Before the pandemic, all of those who shifted towards a pro-independence view had positive opinions of the EU, according to the research.

Professor Sir John Curtice and Ian Montagu also found most Scots are pessimistic about the consequences of Brexit.

New Year Honours List 2018 (PA Media)

The Scottish Centre for Social Research analysed data from Scottish Social Attitudes surveys conducted over the past several years.

The results of the 2019 survey were released at the end of September this year, covering the period between April 2019 and March 2020.

Of those who would vote Remain in another EU referendum, support for Scottish independence has gone from 44% in 2016 to 57% in the latest survey.

In contrast, among people who would vote Leave in another EU referendum, the proportion backing independence has fallen over the same period from 45% to 39%.

The survey also found 18% believe the UK’s economy would be better off in the wake of Brexit, while 43% feel Scotland’s economy would improve under independence.

Some 51% listed their “constitutional preference” as independence, while 36% backed devolution and 7% backed having no Scottish Parliament.

University of Strathclyde professor Sir John said: “For a while after the EU referendum, it looked as though the lack of support for Brexit in Scotland was failing to move the dial on public opinion about independence.
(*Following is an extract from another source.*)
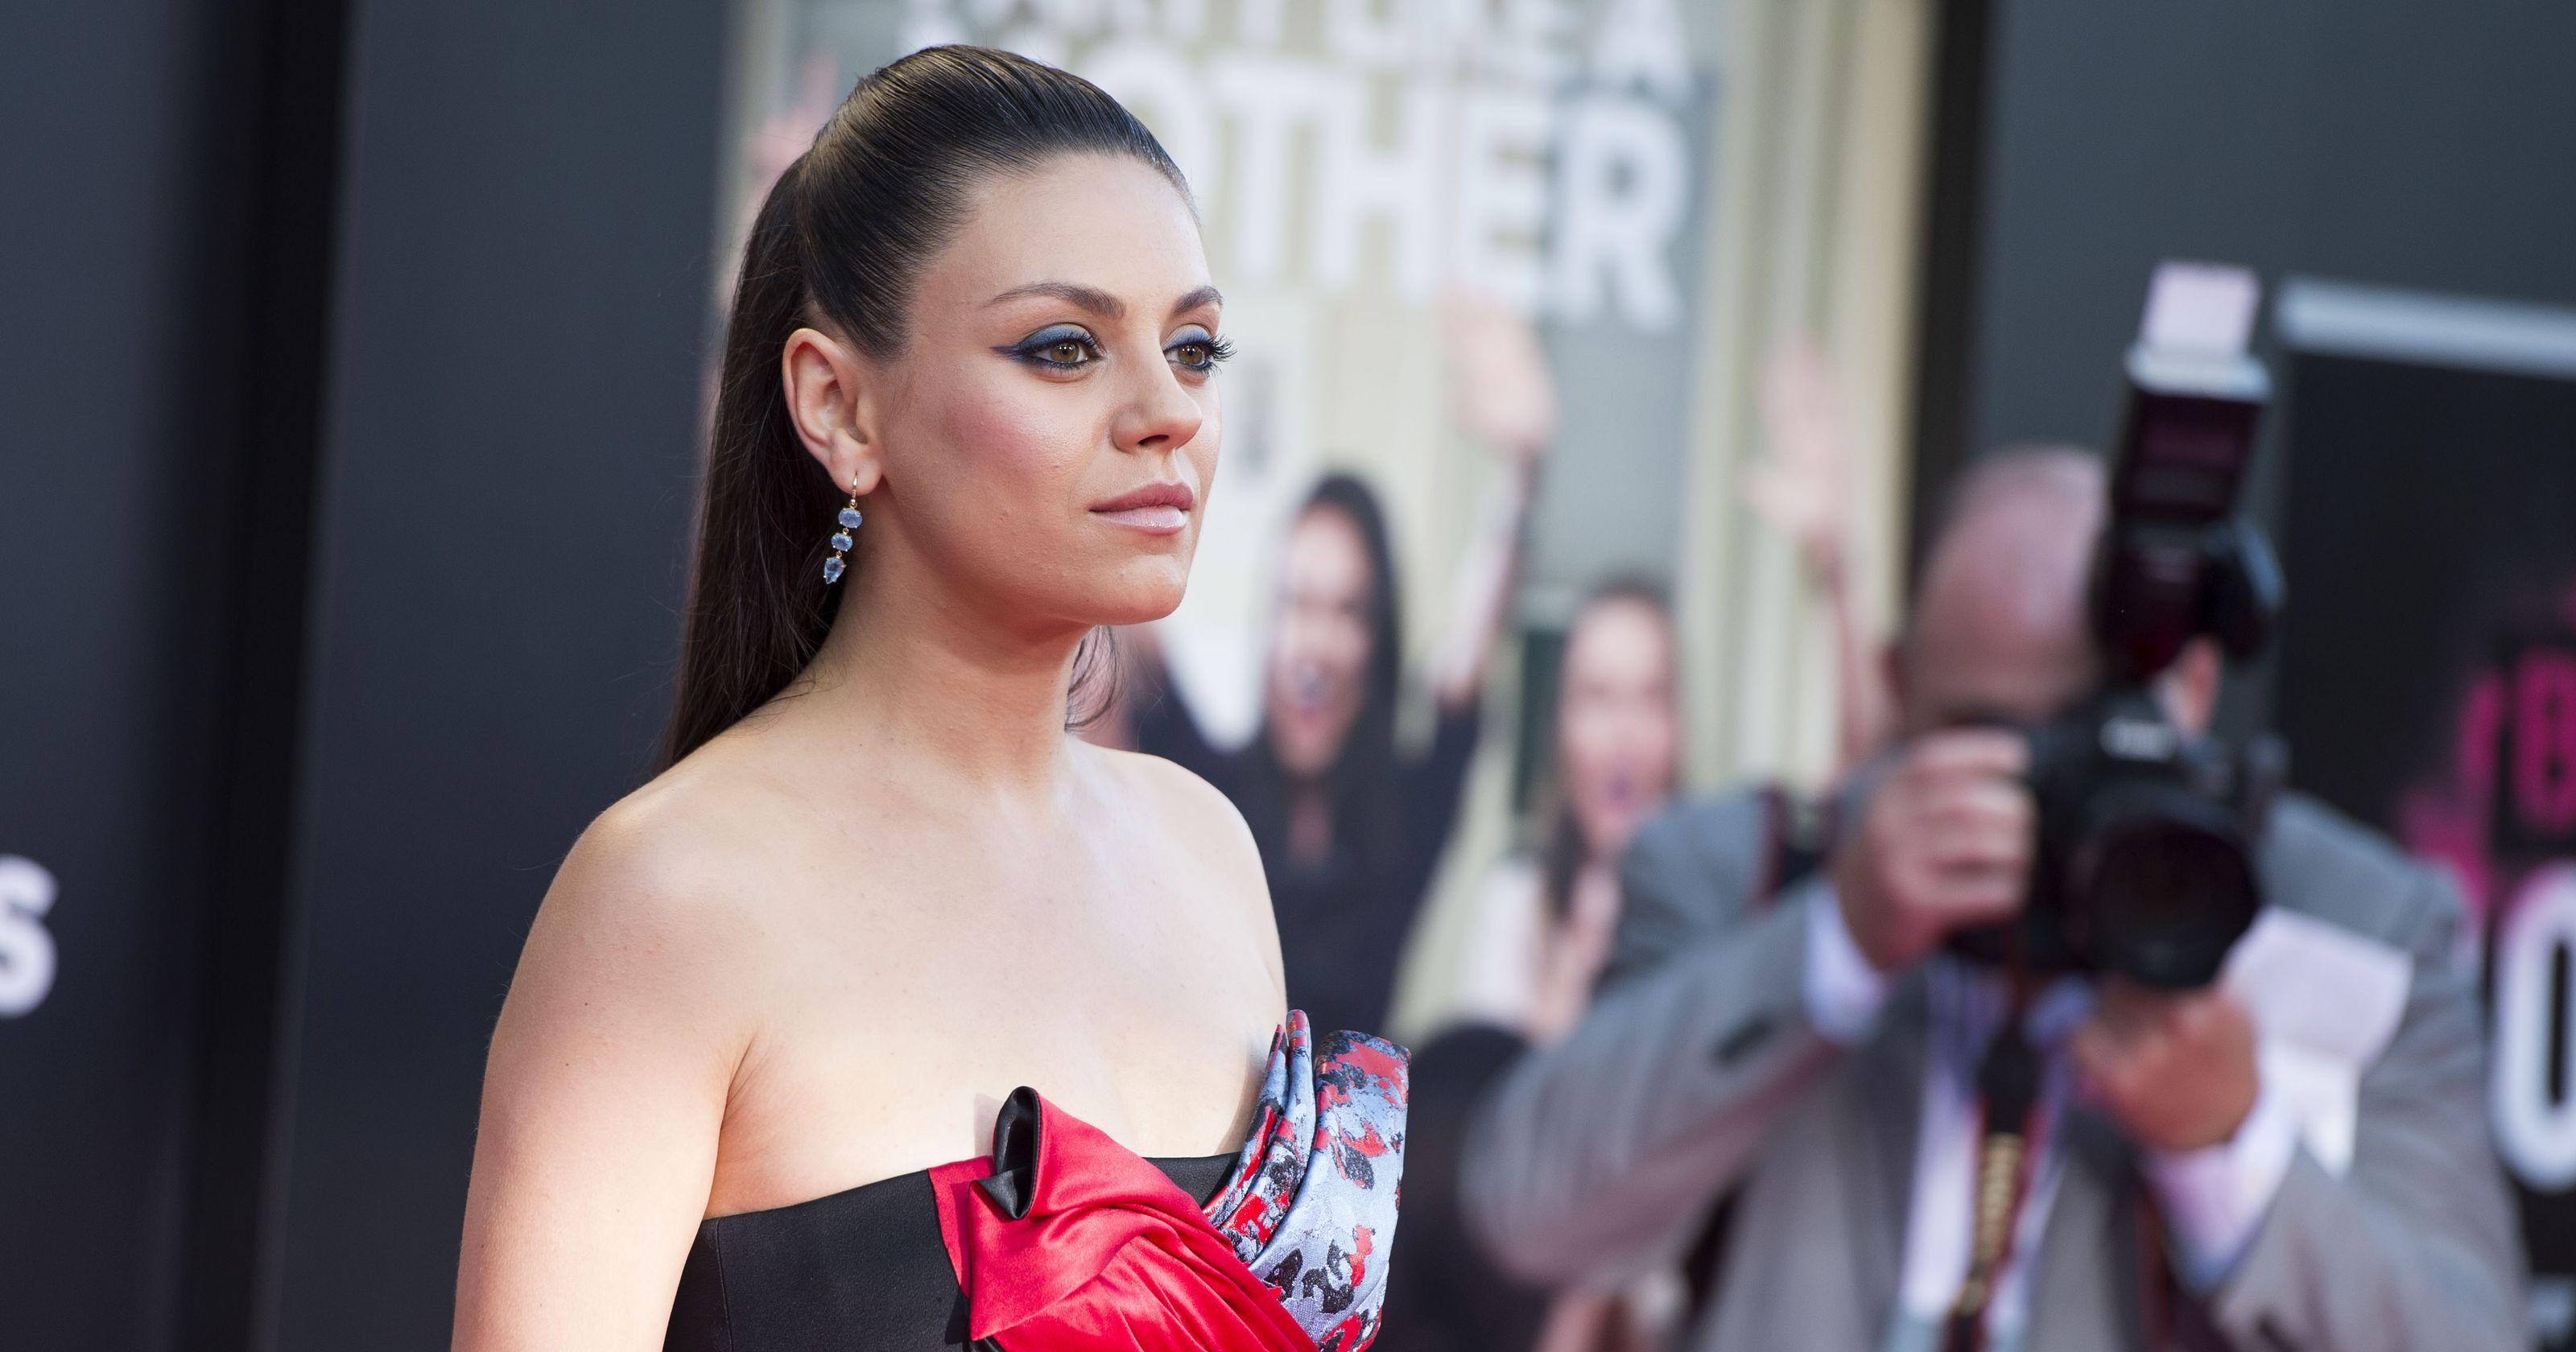 Mila Kunis slams sexist producer  , http://bostondesiconnection.com/mila-kunis-slams-sexist-producer/,  #MilaKunisslamssexistproducer

“Over time, however, the pursuit of Brexit has weakened many people’s views of the merits of the union.

“For a significant body of people in Scotland, independence inside the EU has now come to look more attractive than being part of a UK that is outside the EU.

“That may not have been either the wish or the intention of those who have advocated leaving the EU but that does not mean that they can afford to ignore the apparent consequences.”

The 2019 survey found 54% of those polled believe Scotland’s voice in the world would be stronger as an independent country, while 15% felt Brexit would lead to the UK having more global influence.

Meanwhile, 25% of people in Scotland felt that being part of the EU undermines the UK’s distinctive identity, while 62% feel that an independent Scotland would have more pride in itself.

Mike Russell with poster (PA Archive)

Scotland’s Constitution Secretary Mike Russell said: “This survey shows that there has been a fundamental shift in the national mood in Scotland in favour of independence.

“The people of Scotland overwhelmingly reject Brexit and the narrow, isolationist stance of Boris Johnson’s Government and believe Scotland will prosper as an independent country.”

He added: “The Tories have removed Scotland from the EU against our will and are now, unbelievably, threatening to impose a disastrous hard Brexit in the middle of a pandemic and economic recession.

“As an independent member of the EU we will be an equal partner with our friends in the rest of the UK and Europe.”